『2時間でおさらいできる戦国史』から抜粋

山の話ばかり書いていたら、これまた古い別のスタッフから、「やりたい放題ですね。ブログがどこに向かっているのかわかりません」とツッコまれました。厳しいスタッフばかりで気苦労が絶えません。
一応、文章が長いのと検索などで外から見にくる人のことを考えて、アップする場所をブログにしたのですが、やはり山の話はフェイスブックに書くべきでしたか。すみません。

さて今日は、月曜日から書店に並び始めた『2時間でおさらいできる戦国史』から、「はじめに」の部分を紹介します。

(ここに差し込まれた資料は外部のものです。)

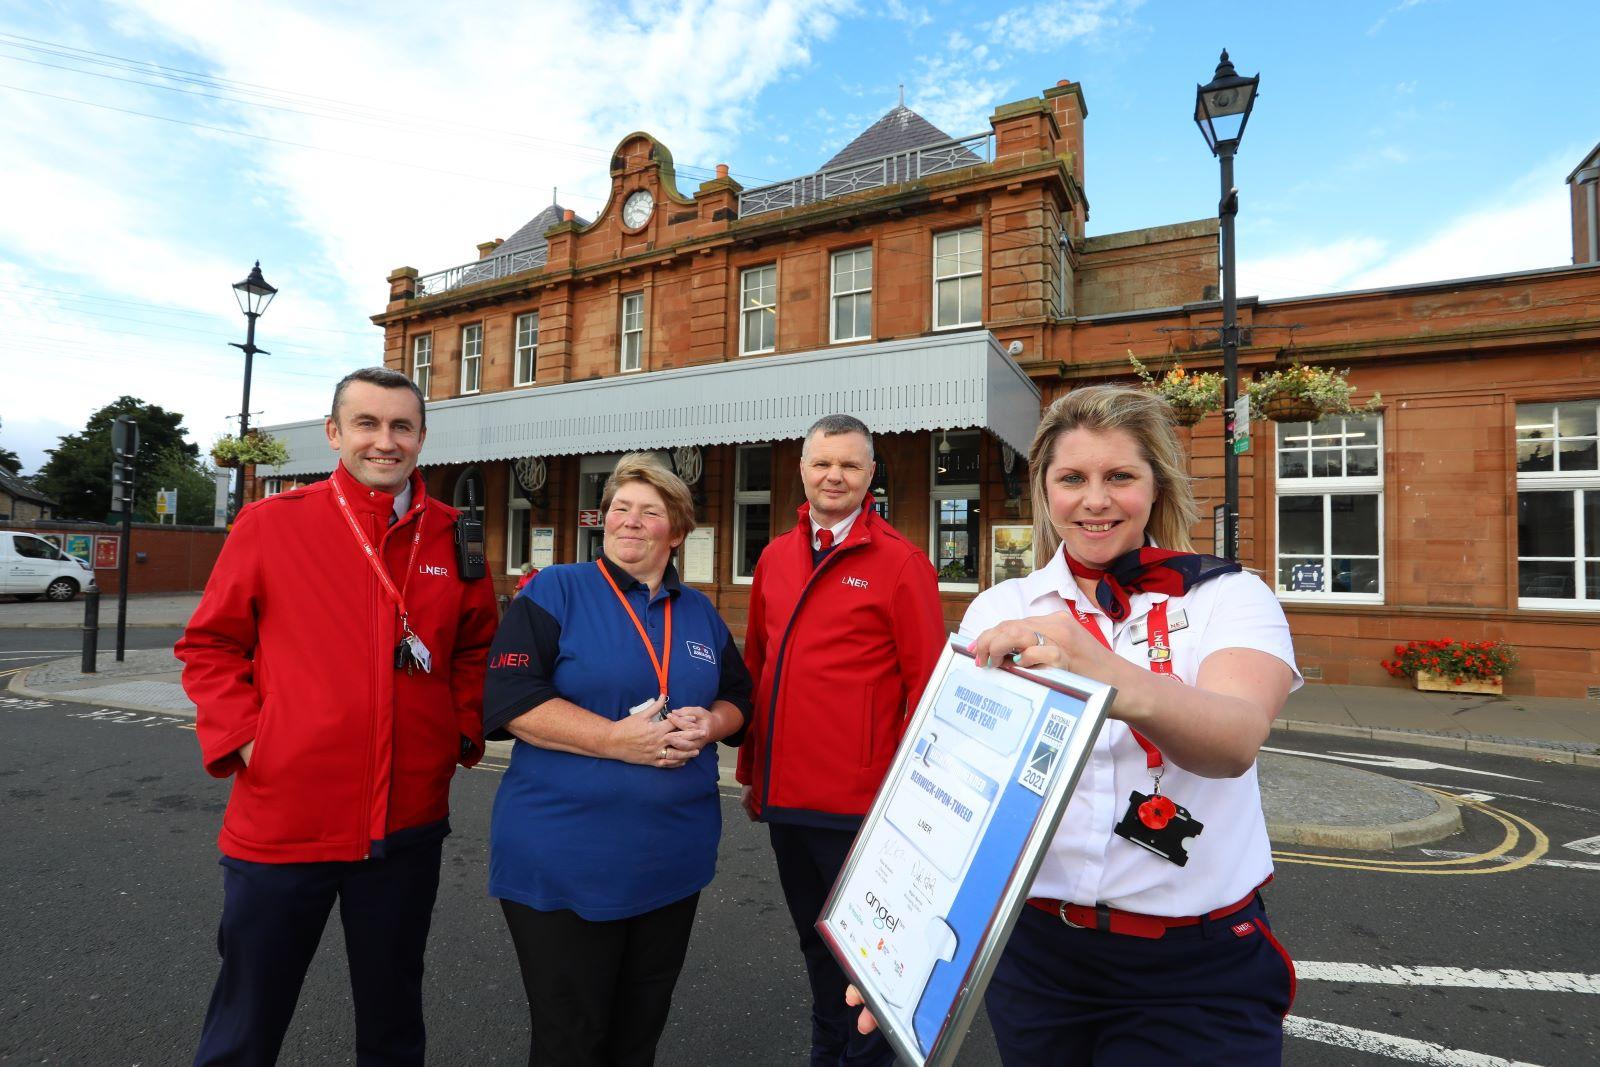 Berwick-Upon-Tweed StationRecognised In Prestigious National Rail Awards

 戦国時代は人によって好き嫌いが分かれる時代です。嫌いな人からは「似たような名前ばかりでゴチャゴチャする」とか、「あちこちで戦いばかりおこっていてイヤ」と聞きます。たしかに戦国時代の本を読んでいると、私自身も人物関係がわからなくなってわずらわしく思うことがしばしばです。
 そこで、登場回数の少ない脇役を「おじ」や「弟」などと表し、もっと戦い以外の部分にもスポットをあてた本を書いてみたいと思いました。そうすることで人びとの本質を浮き立たせたいと考えたのです。今と変わらぬ人びとの思いにうなずく反面、当時の社会の残虐さには目を丸くするはずです。そのうえで現代を見つめ直せば、暴力が減っていることを実感できるでしょう。未来に希望さえ感じるかもしれません。
 戦国時代を学ぶことは、戦いにあけくれた時代を終わらせ、平和をつかんだ人びとを知ることでもあるのです。それは輝かしい偉業だと思いませんか?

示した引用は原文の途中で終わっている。